### The records
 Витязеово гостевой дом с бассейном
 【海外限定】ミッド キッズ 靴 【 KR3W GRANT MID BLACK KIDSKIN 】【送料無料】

==

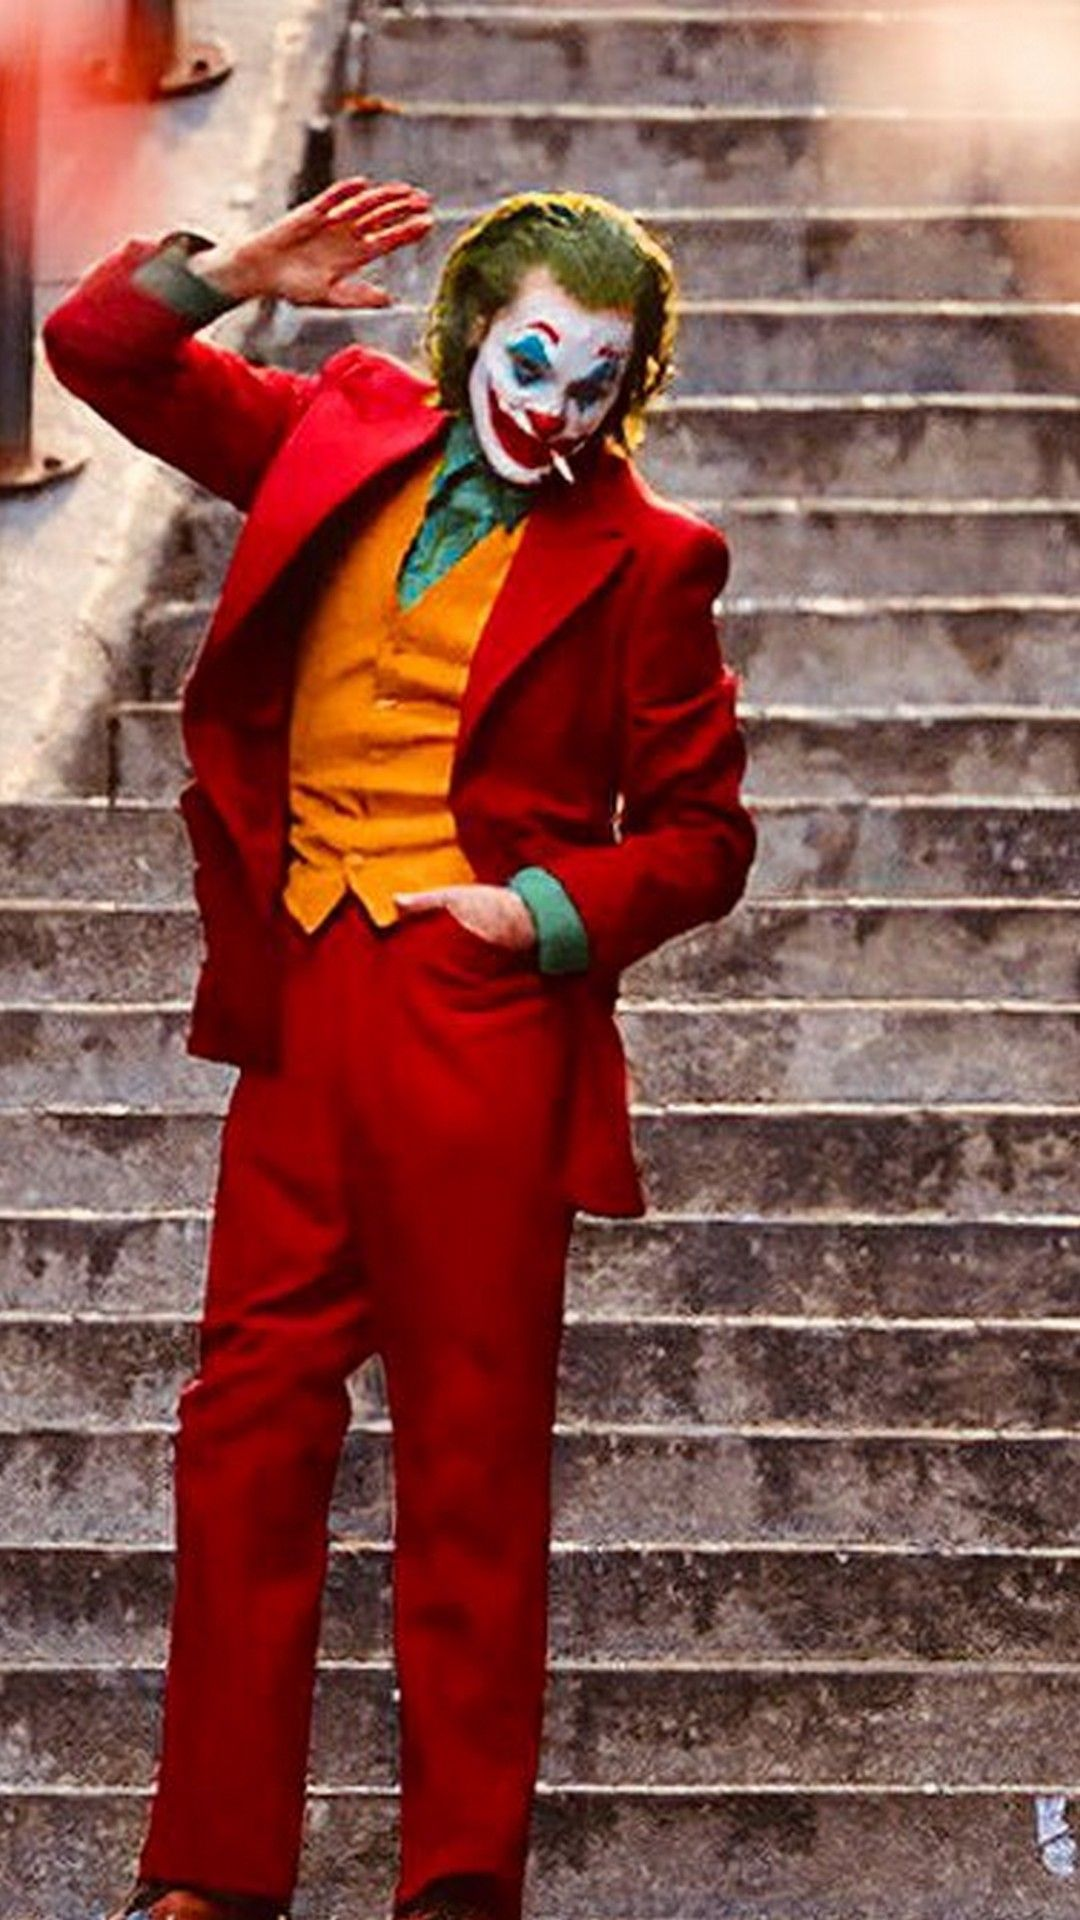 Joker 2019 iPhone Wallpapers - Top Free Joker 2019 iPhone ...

--

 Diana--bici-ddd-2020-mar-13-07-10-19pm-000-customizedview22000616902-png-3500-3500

### What is needed
Reprint exactly the lines above that start at the one with "Витязеово гостевой дом с бассейном" and end at the one with "BLACK KIDSKIN 】【送料無料】", keeping both and adding none.

### Output for this task
 Витязеово гостевой дом с бассейном
 【海外限定】ミッド キッズ 靴 【 KR3W GRANT MID BLACK KIDSKIN 】【送料無料】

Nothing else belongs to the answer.